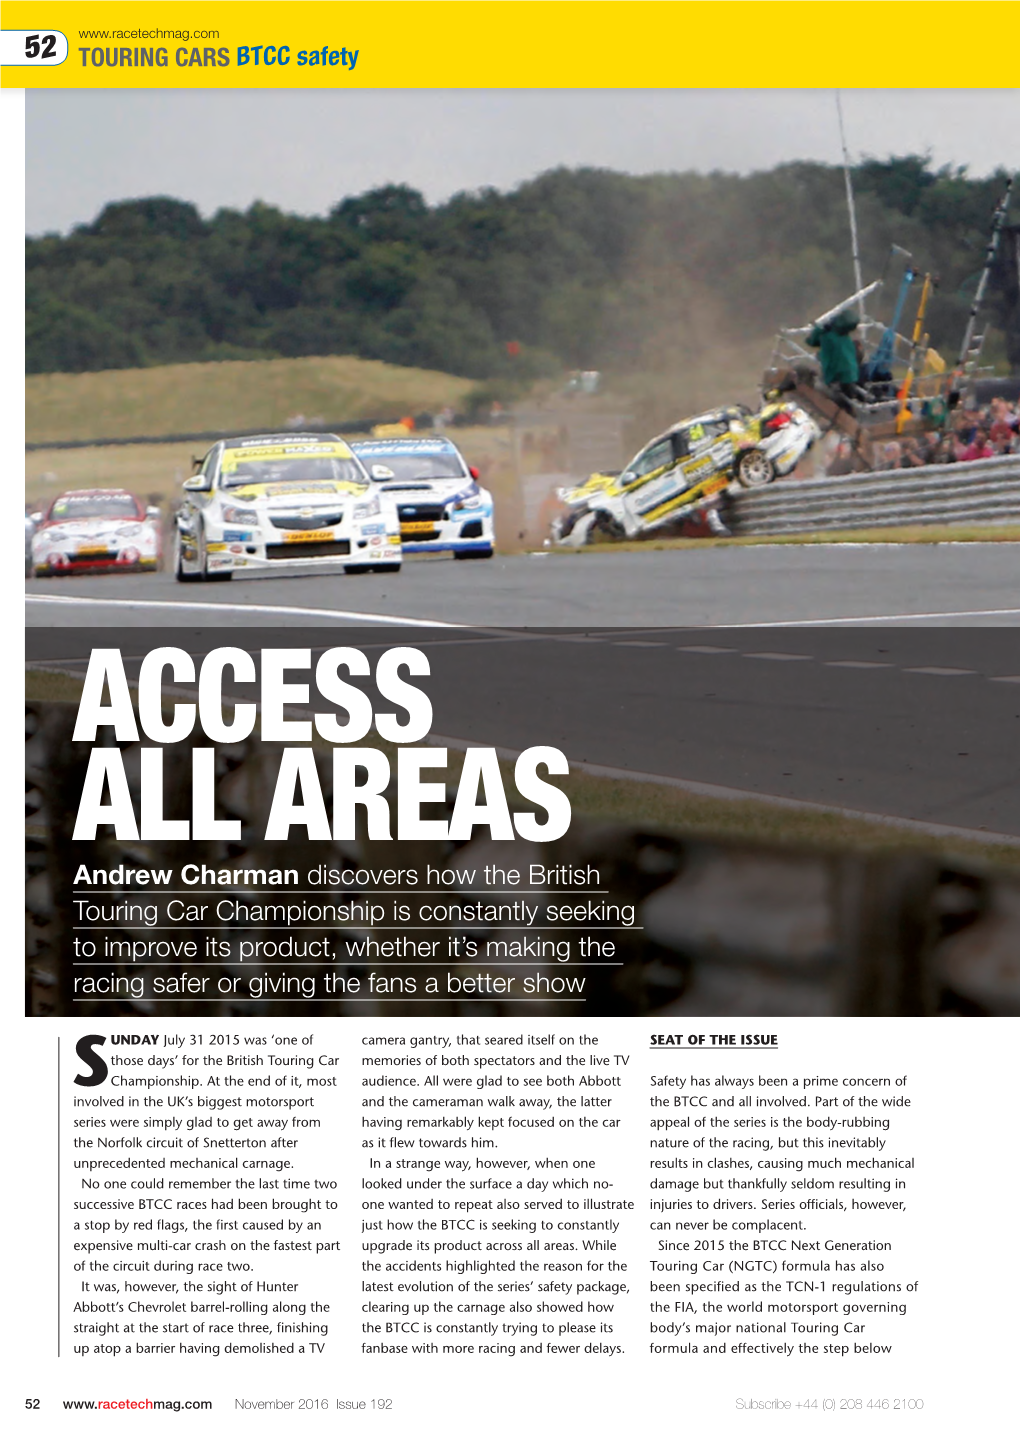 Andrew Charman Discovers How the British Touring Car Championship
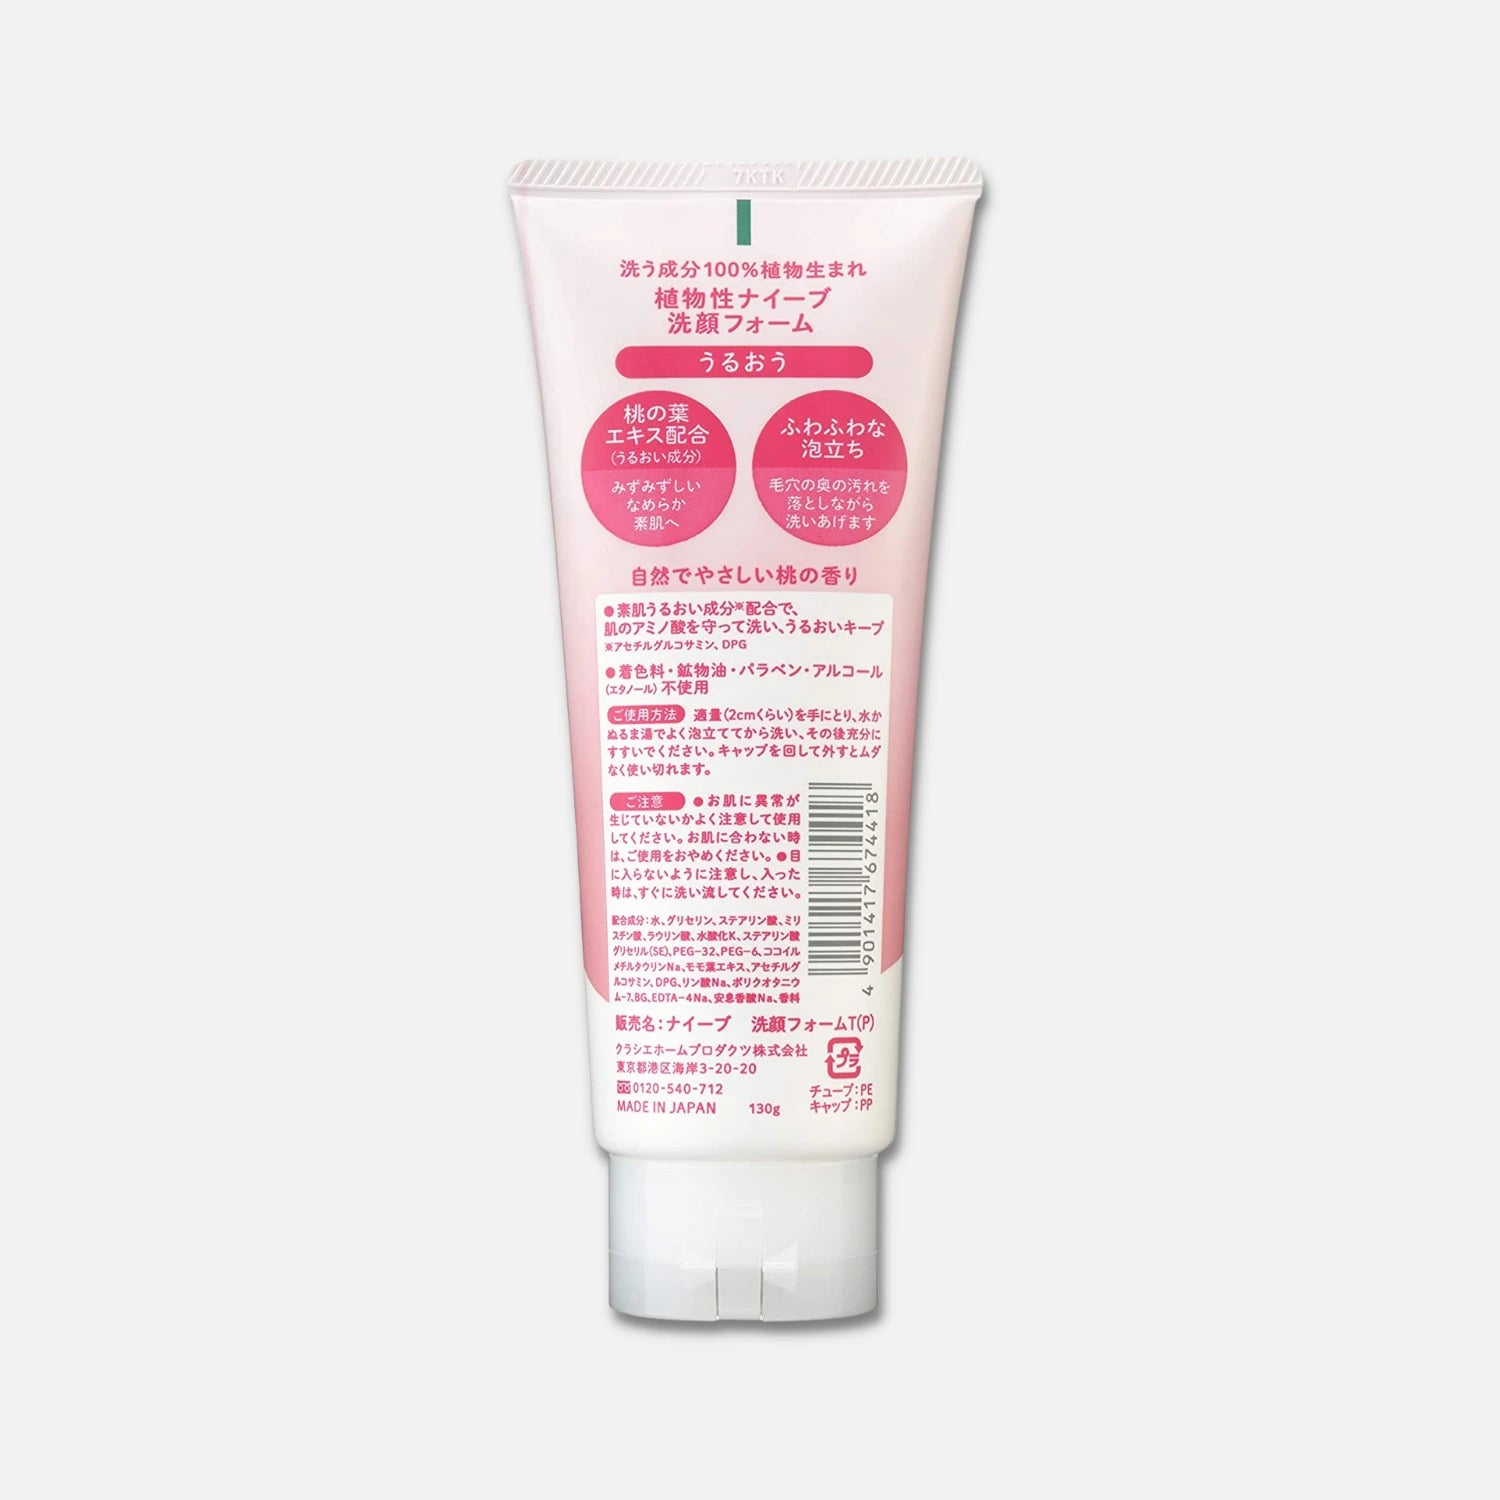 Naive Face Wash Foam Peach Leaf Extract 130g - Buy Me Japan
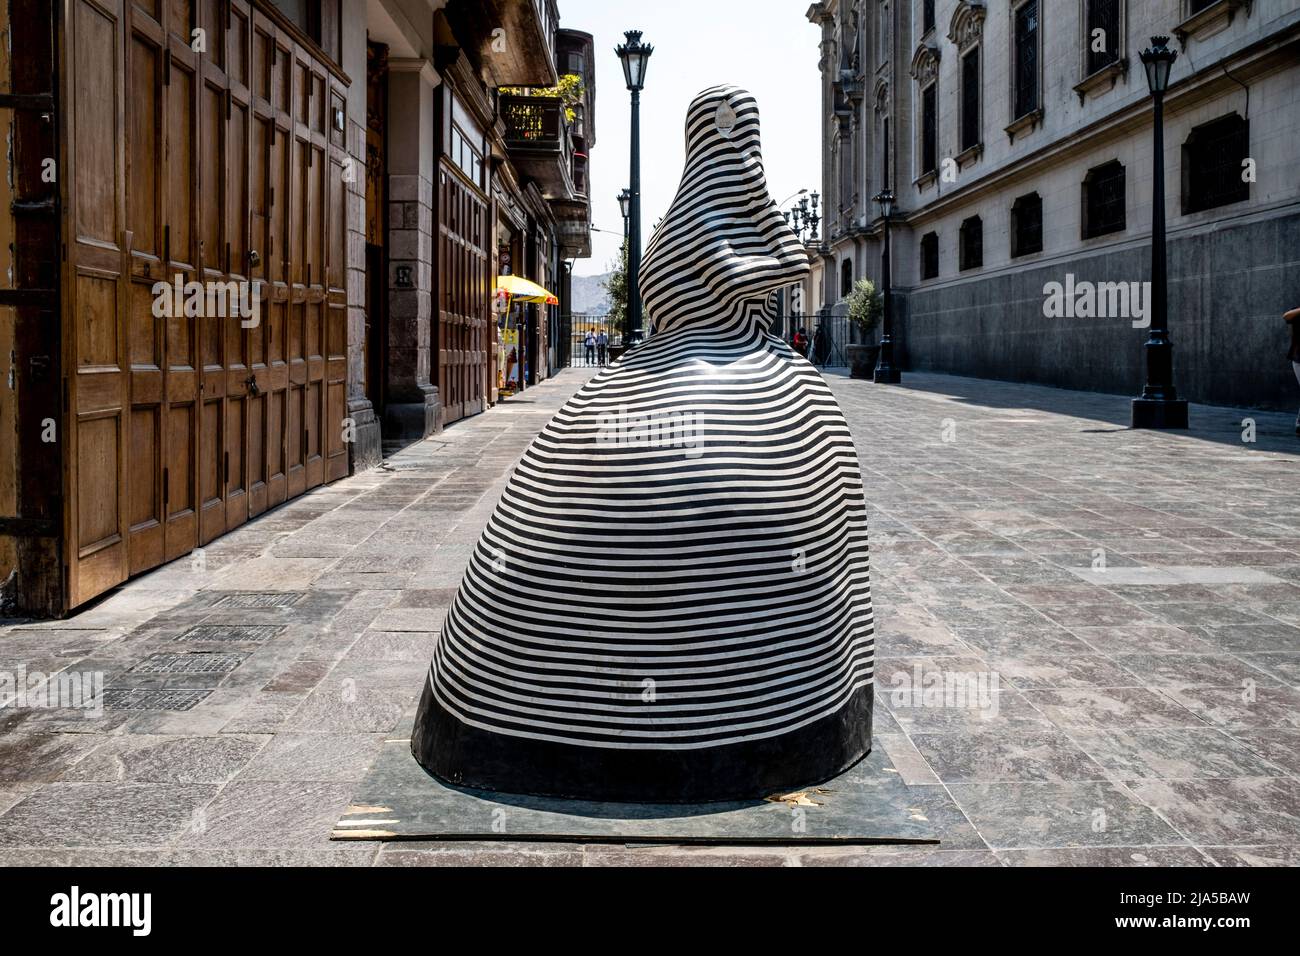 An Art Installation In The Historical Centre Of Lima, Lima, Peru. Stock Photo
====
Print exactly, and only, the lines from the line containing "Naive Face Wash" to the last line of the material above, with every picture left out.

 Naive Face Wash Foam Peach Leaf Extract 130g - Buy Me Japan
 An Art Installation In The Historical Centre Of Lima, Lima, Peru. Stock Photo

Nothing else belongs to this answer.